= Beginning of Section =

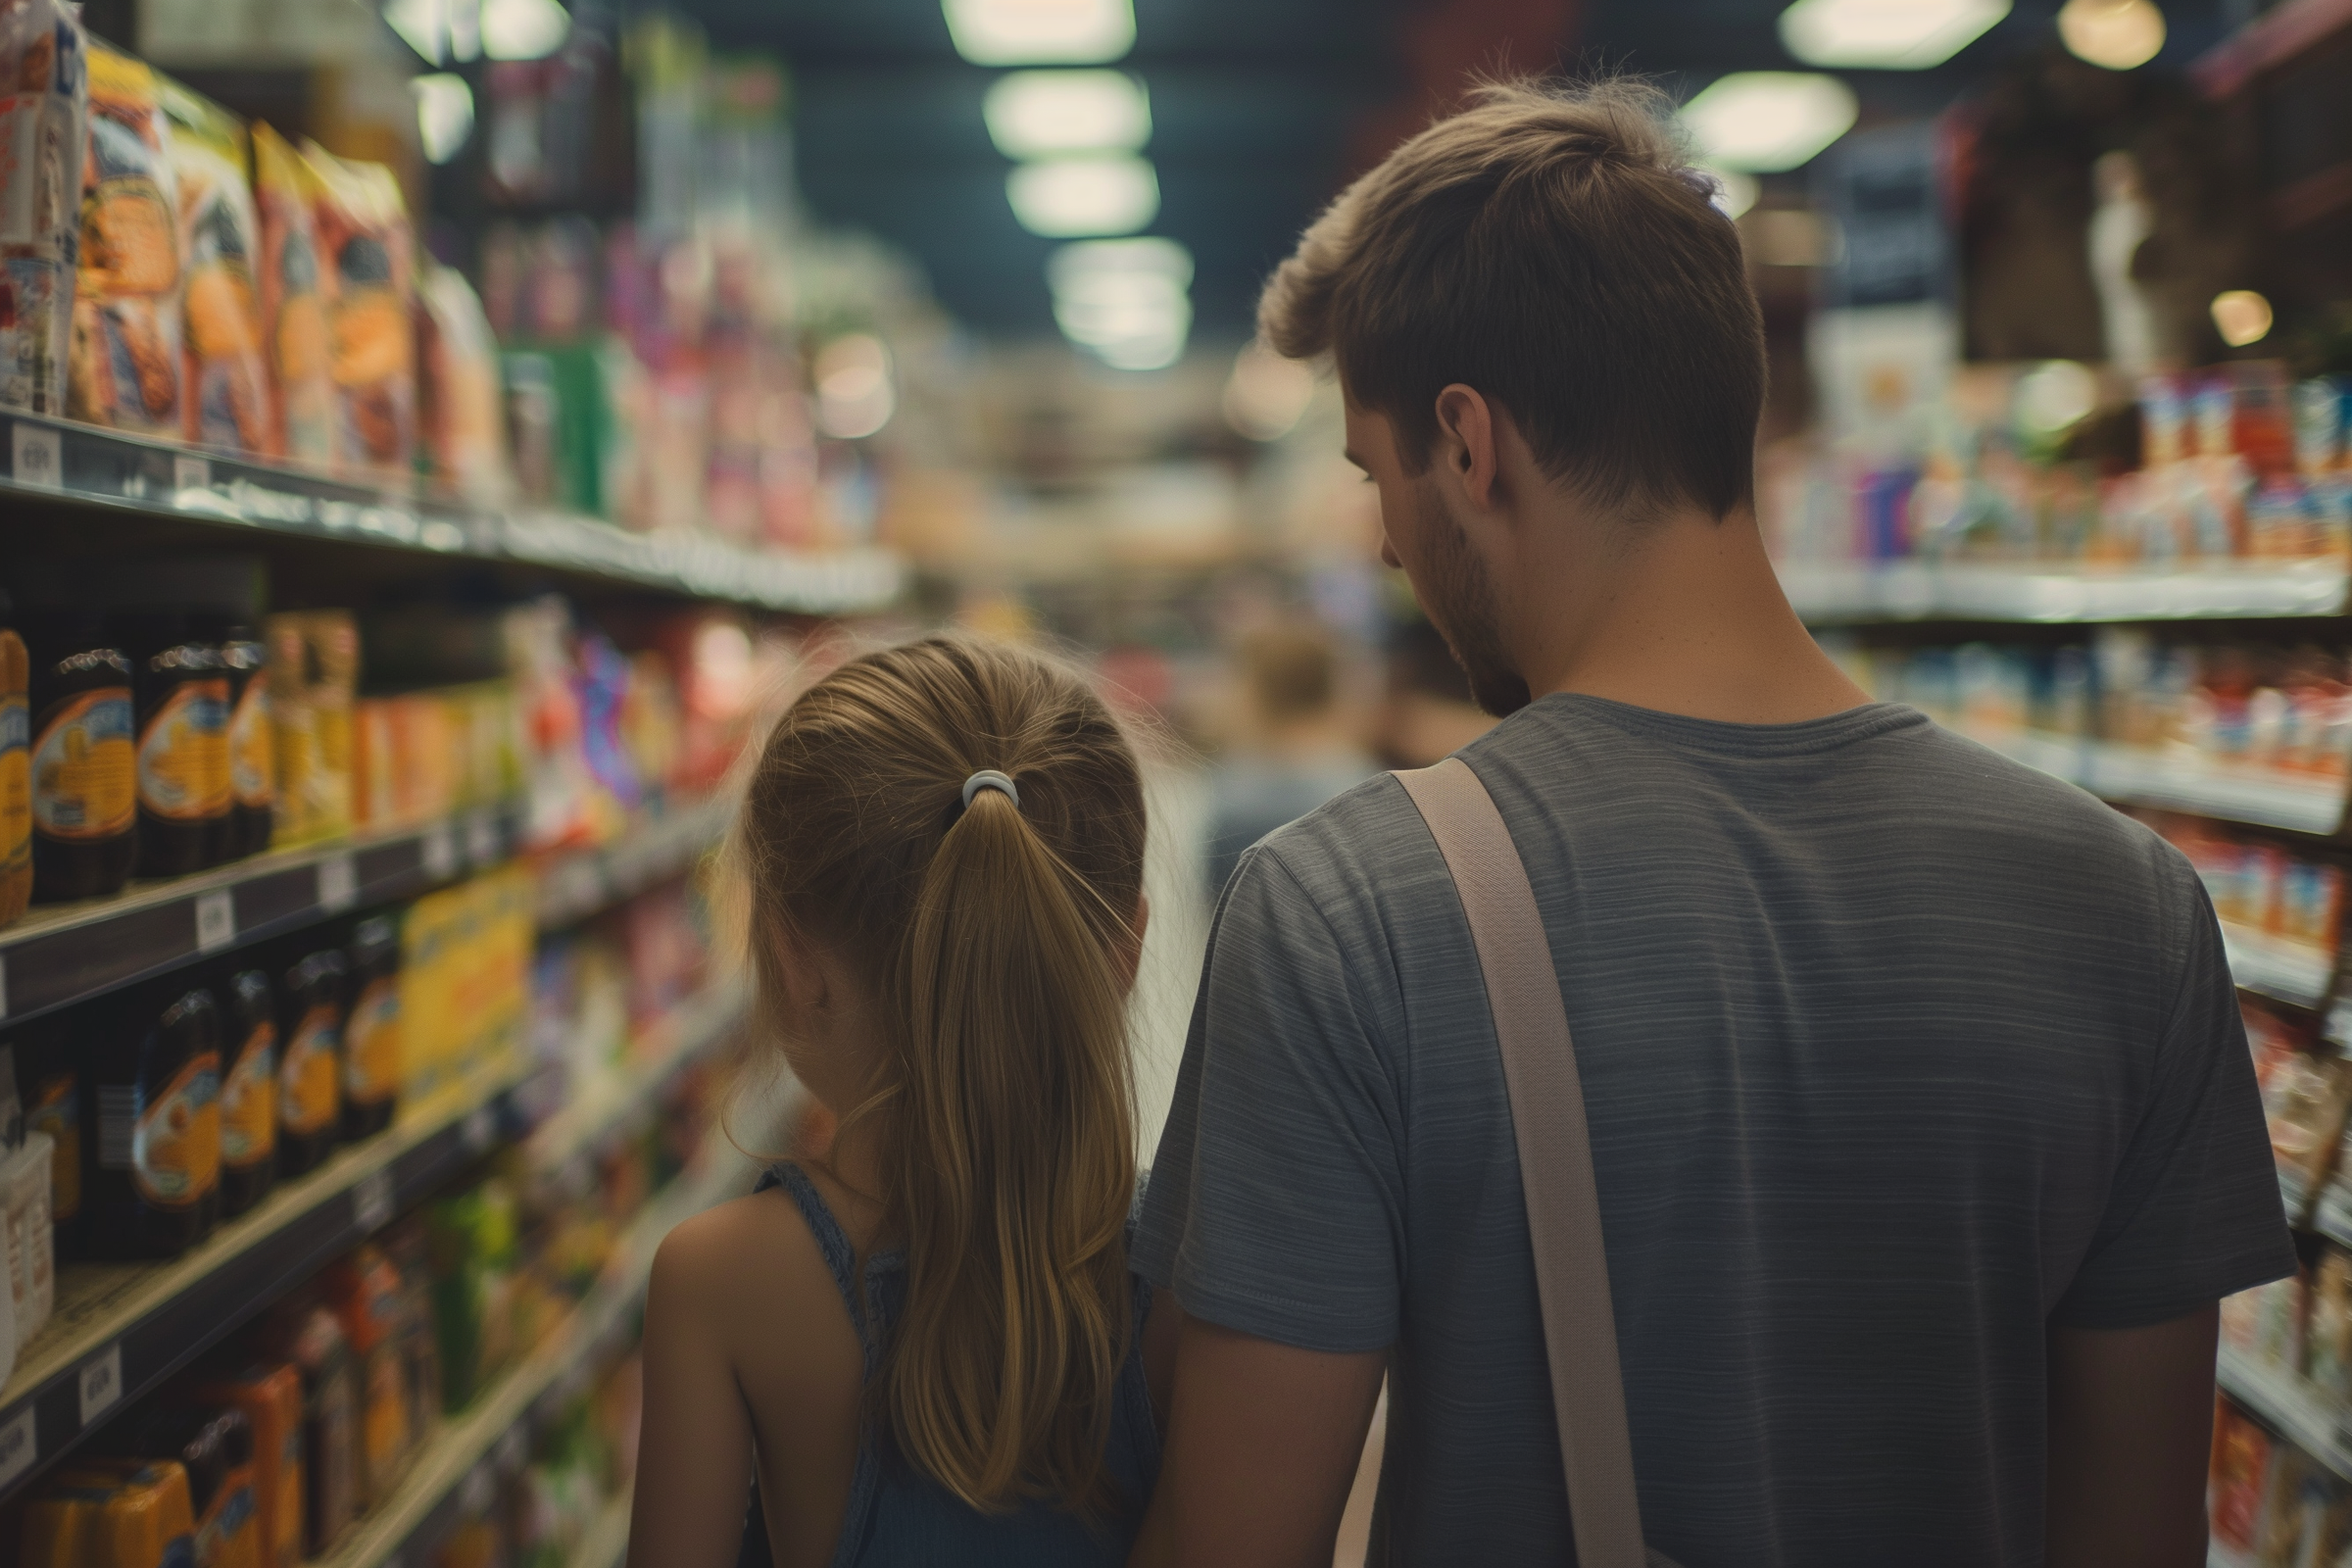 A dad and daughter shopping | Source: Midjourney
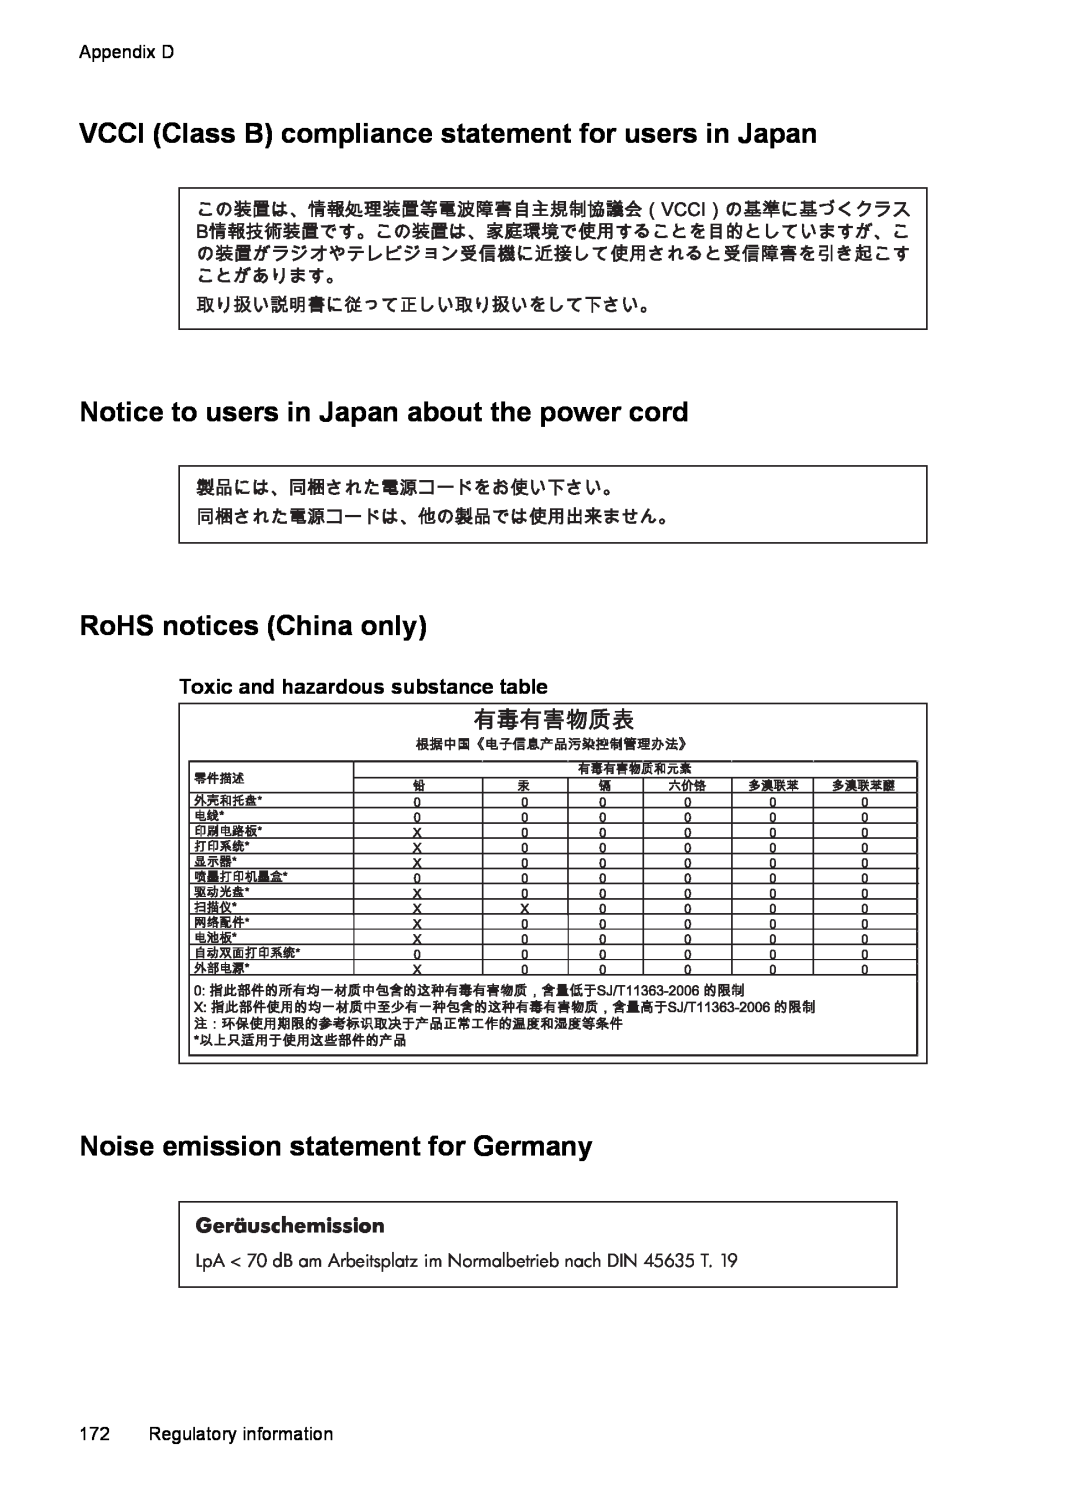 HP J4660 VCCI Class B compliance statement for users in Japan, Noise emission statement for Germany, Geräuschemission 
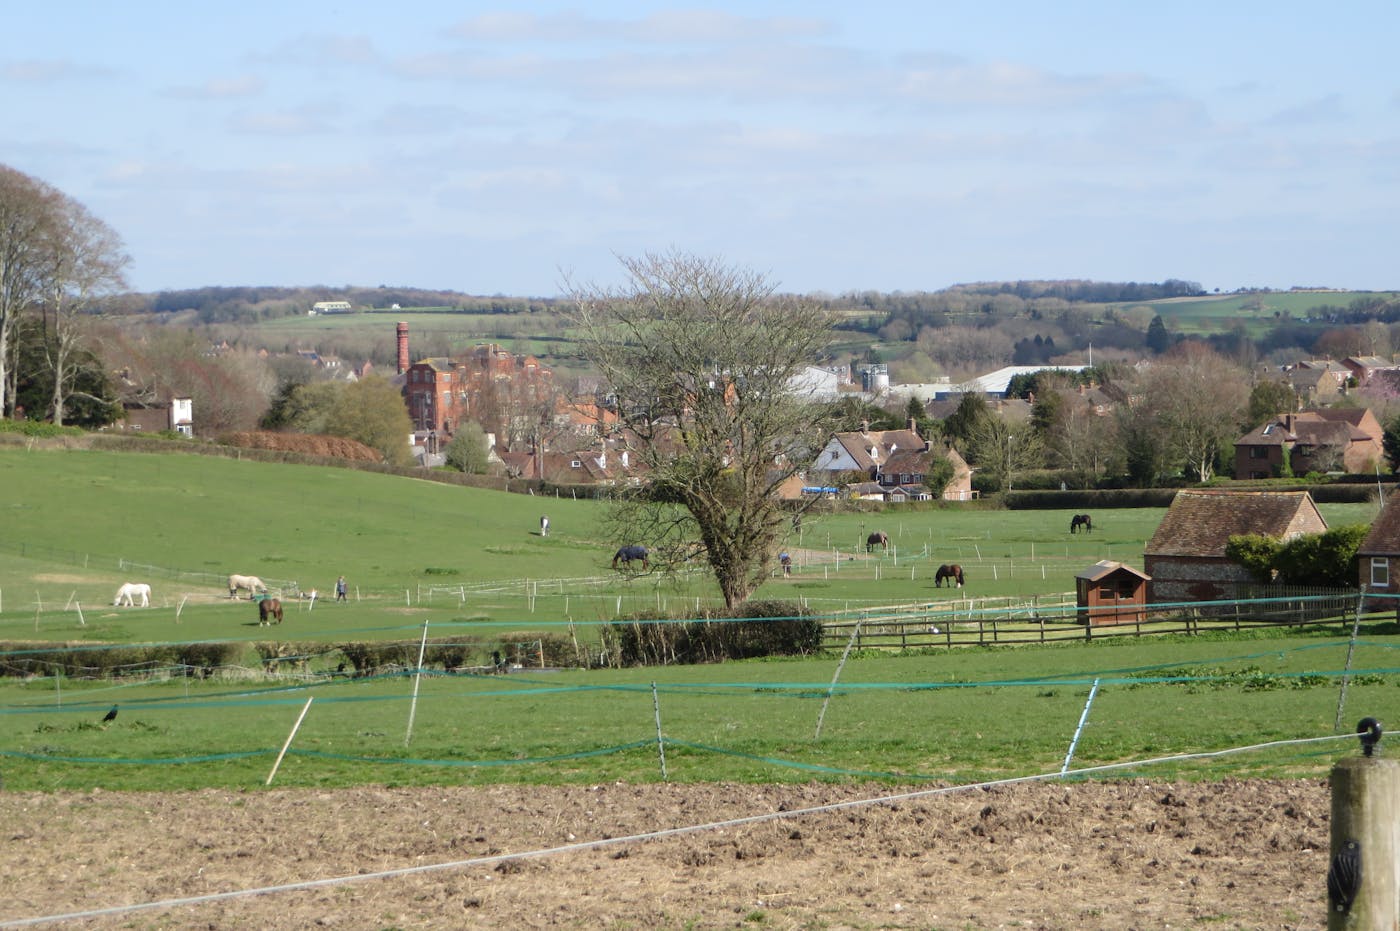 Horses on agricultural land, with village behind

= End of Section =

WHAT YOU WILL DO
Only the lines from the one containing "HP J4660 VCCI" through the end of the listing above should be reproduced, exactly as they stand. Leave the pictures out.

WRITTEN ANSWER
 HP J4660 VCCI Class B compliance statement for users in Japan, Noise emission statement for Germany, Geräuschemission 
 Horses on agricultural land, with village behind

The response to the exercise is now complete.